Понуро опустив головы, четыре лошади вздрагивали, стряхивая с себя воду, и покорными глазами косились на своих хозяев, ожидая привычного окрика или удара кнутом.
— Батюшка! — решительно воскликнул один извозчик, — желаете поехать за двугривенный?
— Пятиалтынный… — отрицательно качнул головой батюшка.
— Боже мой, какие…
Но прежде чем попадья кончила начатый упрёк, извозчик озлоблённо хлестнул лошадь кнутом и поехал прочь. Другие извозчики тоже задёргали вожжами…
— Ну, ладно! Ну — давай! — махнул рукой священник. — За двугривенный давай! Садись, мать, на этого… полезай, отец дьякон! Садитесь все… Пошёл с богом!.. Стой, стой! А где… внук?
— Ай матушки! Где он? — пугливо воскликнула попадья.
— Извозчик, стой! Отец дьякон, а? Бабы, вы как же это? чего вы смотрите? — строго спрашивал священник.
Женщины, уже сидевшие на пролётках, стали слезать в грязь, растерянно бормоча что-то.
— Экий какой… шельмец! — угрюмо ворчал дьякон, тоже спрыгивая с пролётки. — У могилы остался, видно… Вы, отец Яков, поезжайте, не беспокойтесь, а я с Кириллом останусь… мы привезём мальчонку…
И, подобрав рясу, дьякон пошёл к воротам кладбища, внимательно глядя себе под ноги.

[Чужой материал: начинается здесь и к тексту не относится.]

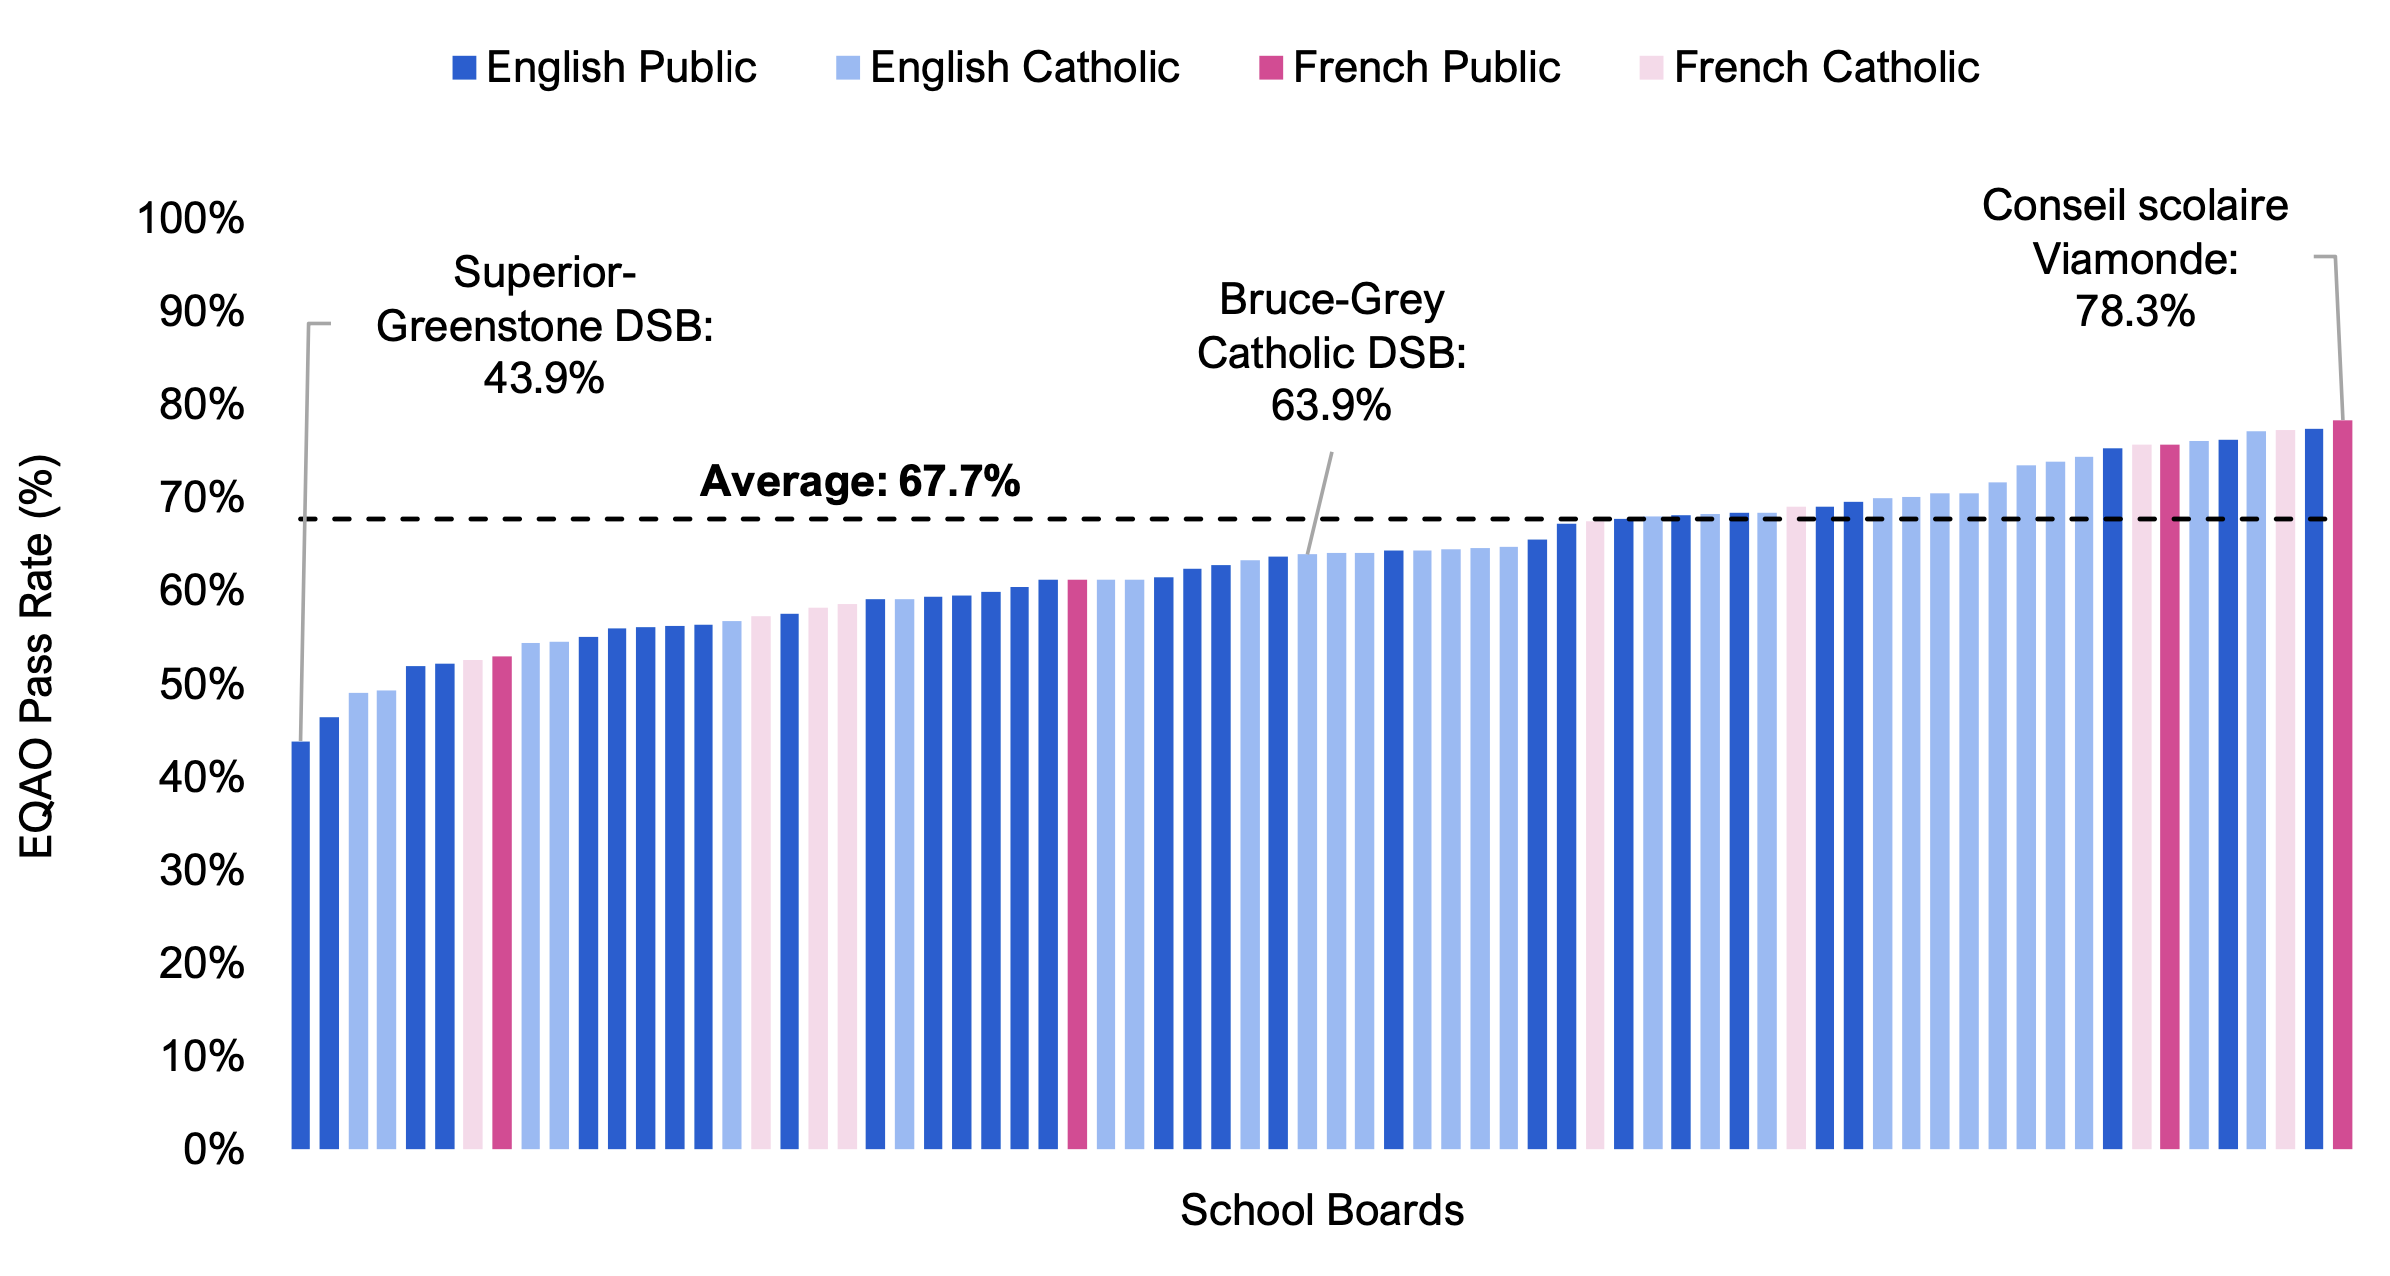 Figure 8.2 shows EQAO average pass rates by school board, broken down by school system. The values range from a low of 43.9 per cent for the Superior-Greenstone DSB to a high of 78.3 per cent for the Conseil scolaire Viamonde, with an overall average of 67.7 per cent.

— Да, да — как же? — говорил священник, усаживаясь на пролётке и следя, чтоб широкие одежды его не попали в колесо. — Надо его найти… он мне поручен… и прочее такое! Извозчик, трогай! На могиле, отец дьякон, ищи его… на могиле!
Две пролётки с дребезгом поехали. На передней сидел священник с женой, на второй — три женщины, а третья со псаломщиком осталась у ворот. Псаломщик поставил большой крест — себе в ноги, обнял его руками, прижал к груди, а потом засунул руки в рукава пальто и наклонил голову на левое плечо, чтоб защитить от дождя щёку. Нищие исчезли как-то вдруг, точно грязь поглотила их и они растворились в ней.
— Вот торговались, небойсь… а теперь я стой и дожидайся чего-то… сказал извозчик, глядя вслед уехавшим. Псаломщик, тоже недовольный этим ожиданием под дождём, промолчал.
— Кого потеряли-то? — подождав, спросил извозчик.
— А тебе что?
— Мне-то? А ничего… только вот — жду я…
— И подождёшь! — хмуро сказал псаломщик.
— Известно — подожду… Однако у старухи-то, у покойной, слышь, деньги были…
— Ну?
— Кому же это она их определила?
— Не тебе…
— Известно, не мне… Кабы мне — я бы и не спрашивал… а я спрашиваю на церковь, мол, или как?
— На воспитание её внука священнику нашему, — сообщил псаломщик, ёжась от дождя, попадавшего ему за воротник пальто.
— Та-ак! — сказал извозчик. Потом он спросил, велик ли внук и сколько осталось денег, но псаломщик уже не отвечал ему.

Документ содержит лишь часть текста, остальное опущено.